Award will help construct critical beach and dune landscape to protect Texas’s largest expanse of coastal wetlands, as well as coastal communities and infrastructure in Jefferson County

Beaumont, Texas – The National Fish and Wildlife Foundation (NFWF) today announced a $26.5 million award to the Texas General Land Office to restore approximately 17 miles of the beach dune ridge system along McFaddin National Wildlife Refuge (NWR), from High Island, Texas to Sea Rim State Park.

The award will leverage more than $25 million from Natural Resource Damages Assessment and RESTORE Act funds for a total conservation investment of more than $50 million. This project could not have come together without strong support from partner organizations in Texas, including U.S. Fish and Wildlife Service, Texas Parks and Wildlife Department as well as Jefferson County Judge Jeff Branick.
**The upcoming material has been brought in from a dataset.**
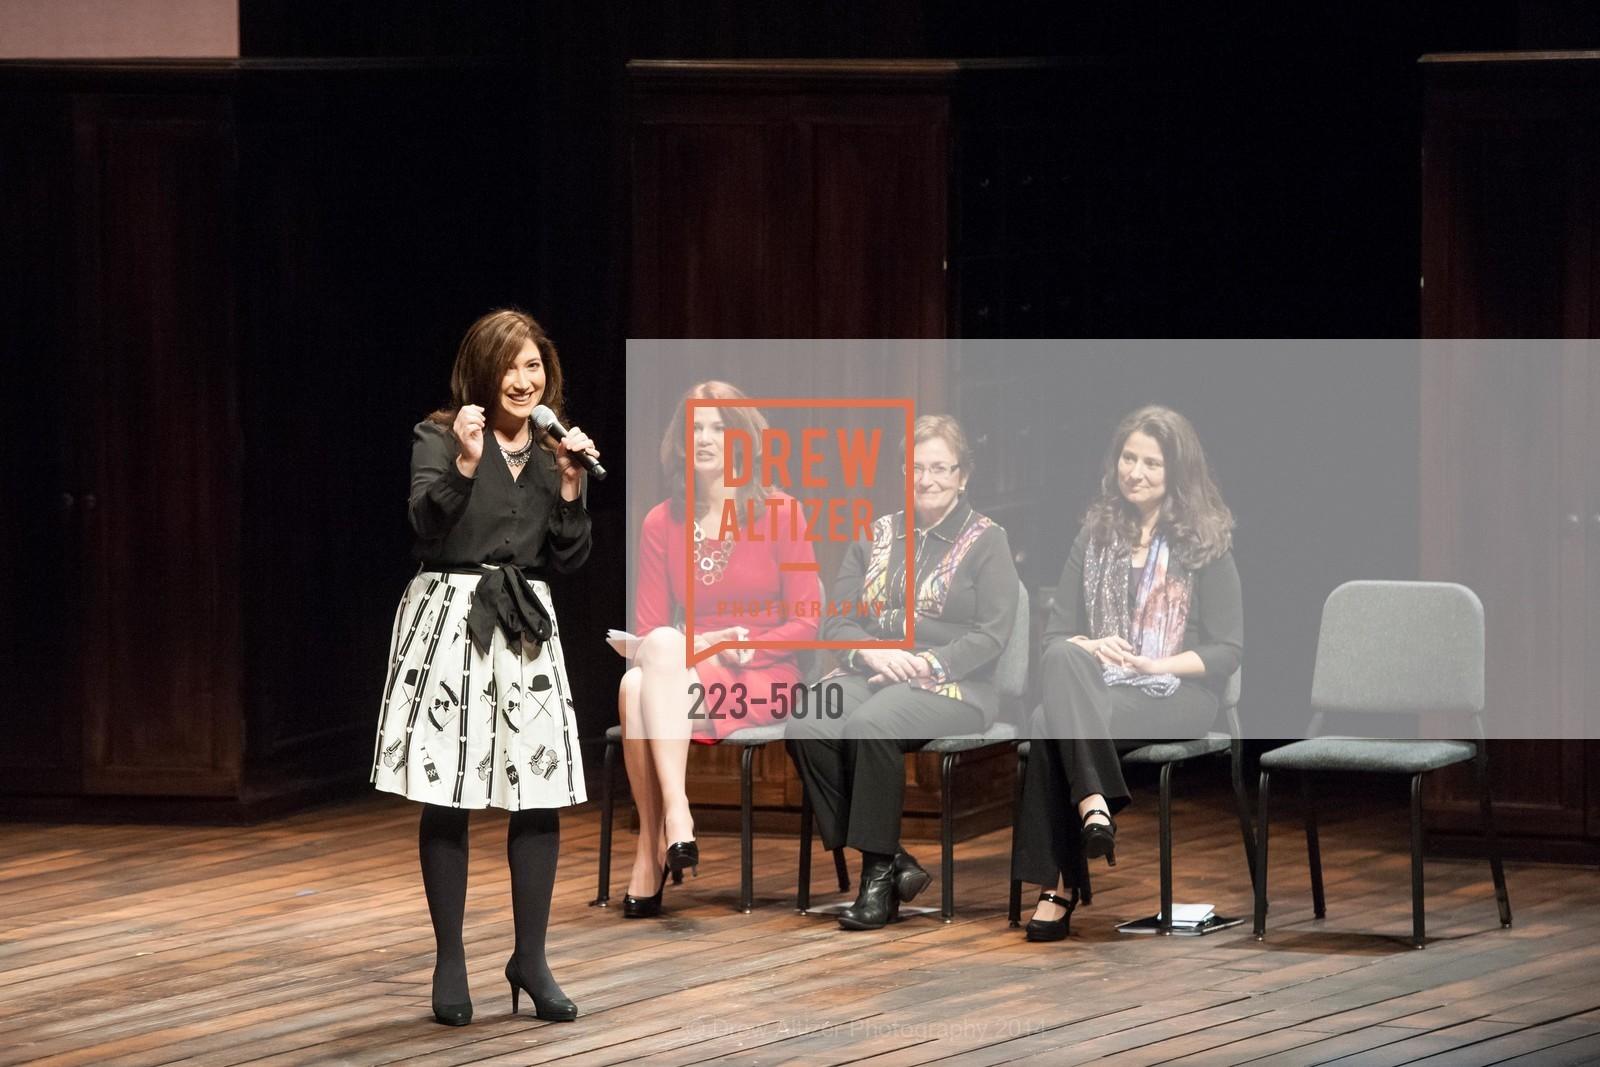 Randi Zuckerberg, Jenny Dearborn, Ann Bowers, Natalie Batalha, Photo #223-5010

Construction is expected to commence later this year. When combined with an earlier pilot phase, completion of this restoration project will bring the total restored coastline to 20 miles, including the addition of approximately 150 feet of sand beach seaward of the dunes. In conjunction with an interior clay berm installed by partners in 2016, the overall restoration effort has a design life of at least 50 years, protecting the Salt Bayou Watershed, an ecosystem that contains the largest contiguous estuarine marsh complex in Texas.

“We’re deeply grateful for these Deepwater Horizon investments for the McFaddin beach and dune ridge that will help restore the sand on Jefferson County's Gulf Coast to 100 year-ago levels.  Once complete, the project will conserve over 159,000 acres of public lands and additional many thousands of acres of private ranch land over the long term,” said Jefferson County Judge Jeff Branick.   “The storm surge reduction of the restored marsh will safeguard homes and industry and significant national defense and homeland security assets.”

The grant was awarded through the Gulf Environmental Benefit Fund, which NFWF created in accordance with the terms of criminal settlement agreements between DOJ and BP and Transocean. The agreements directed a total of $2.544 billion to NFWF to fund projects benefiting the natural resources of the Gulf Coast that were impacted by the spill.

Of these funds, more than $200 million are allocated for natural resource projects in Texas. “This important investment will bolster a fragile stretch of shoreline that is critical to the coastal ecosystem and communities of southeast Texas,” said Jeff Trandahl, executive director and CEO of NFWF. “The restored shoreline will also serve as a first line of defense against future storms.”

Funding from NFWF will be combined with awards anticipated by the Natural Resource Damage Assessment and the RESTORE Act. The NRDA Texas Trustee Implementation Group included funds for this project in its Final 2017 Restoration Plan and Environmental Assessment:

Restoration of Wetlands, Coastal and Nearshore Habitats, and Oysters was published on October 18, 2017. The Texas Council on Environmental Quality (TCEQ) included funds for this project in Restore Act Direct Component Texas Multiyear Implementation Plan which was accepted by the U.S. Department of Treasury in December 2017.

Last week, Texas Governor Greg Abbott addressed the importance of five years of effort in coastal Texas by the Gulf Environmental Benefits Fund (GEBF), “Here in Texas, we’ve used GEBF dollars to leverage additional private and nonprofit funds to restore and preserve thousands of acres of coastal habitats and wetlands, while at the same time working with communities and private landowners to voluntarily participate in conservation efforts. Not only have we been able to restore oyster, fish and bird habitats for both commercial and recreational enjoyment, we’ve bolstered resiliency efforts by enhancing the marshes, bays, dunes and barrier islands along the Gulf Coast to help protect our communities from the next storm.”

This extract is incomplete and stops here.